4. The wind-speed change code is very peculiar about handling negative numbers from the random generator. Why not just make negative numbers positive? Probably there is a reason, but it is not obvious.
5. The code which calls Microsoft's random generator is set in its own subroutine, and is certainly called by other SH3 routines. Therefore:
*It is essential not to alter this code in the randomising routine* (EnvAct.sim + 3290h). (That is, this subroutine must continue to deliver the same results, however seeded or limited.)
6. The obvious solution to the wind-speed problem is to scale the final output value (esi + 03D4h) before the limiter is reached. The scaling process should take the output value 'windspeed' and - for ALL values - scale it according to the formula:
windspeed = (windspeed * 15.00) / 30.00 ; 30 is the maximum that can be reached.
In other words, just divide the value by 2.
This will not only solve the problem of the overflows, but it will result in generally lower wind speeds, making storms rare. It is also simple to code!

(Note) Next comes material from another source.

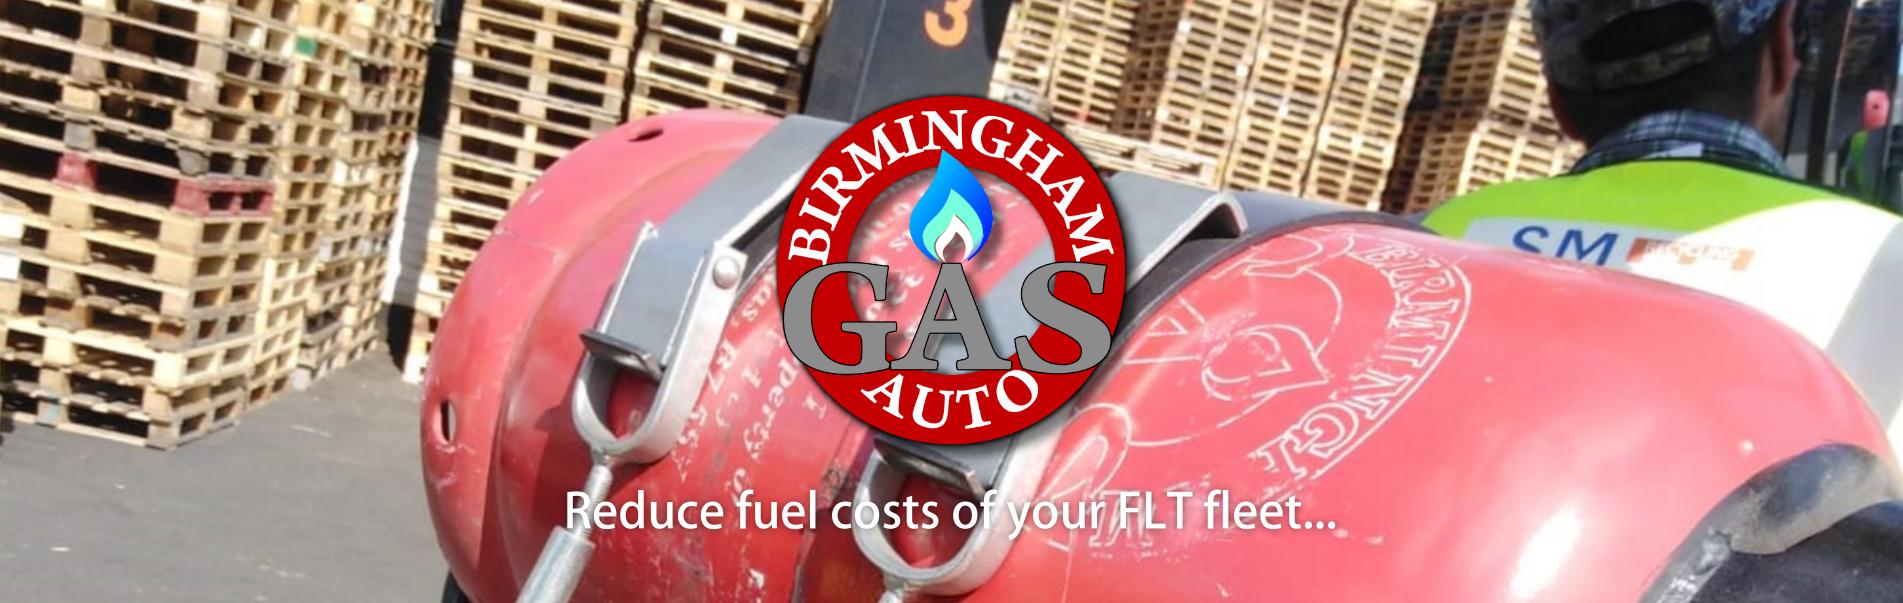 Birmingham Autogas

There is certainly another consideration, that the bug occurs only rarely (but it is then persistent, since at 15 m/s already, a much lower random number suffices to cause an overflow of the windspeed). So perhaps use of the scaling factor should be restricted only for when the output wind speed would exceed 15 m/s, before use of the existing limiter.
7. And finally, we should prevent persistent high wind speeds, due to bug or an unhappy coincidence of high numbers from the random generator, with a return to some kind of default value as I have previously described in an earlier post - a 'repeat delimiter' reached after high wind speeds have persisted after too many calls to the general weather code. (I agree with others that a default wind speed of 6 m/s would be better than 0.)
This all looks fairly easy to code (especially for H.sie
). Just a jump from near the end of the windspeed routine (envsim.act + DDBE) to new code placed at the end of envsim.act, and then a jump back to (envsim.act + DDD7), returning the corrected windspeed in the eax register. (Better still, why not store the final new wind speed value in [esi + 03d4h] and jump to the beginning of the next part of the code at (envsim.act + DDDD)?) The same new code can contain the repeat-limiter described in (7) above.
Having said all that, probably the easiest solution of all is to use the repeat-limiter of (7) above all by itself. It rather depends on what users really want - a corrected algorithm or a simpler fudged solution.
Stiebler.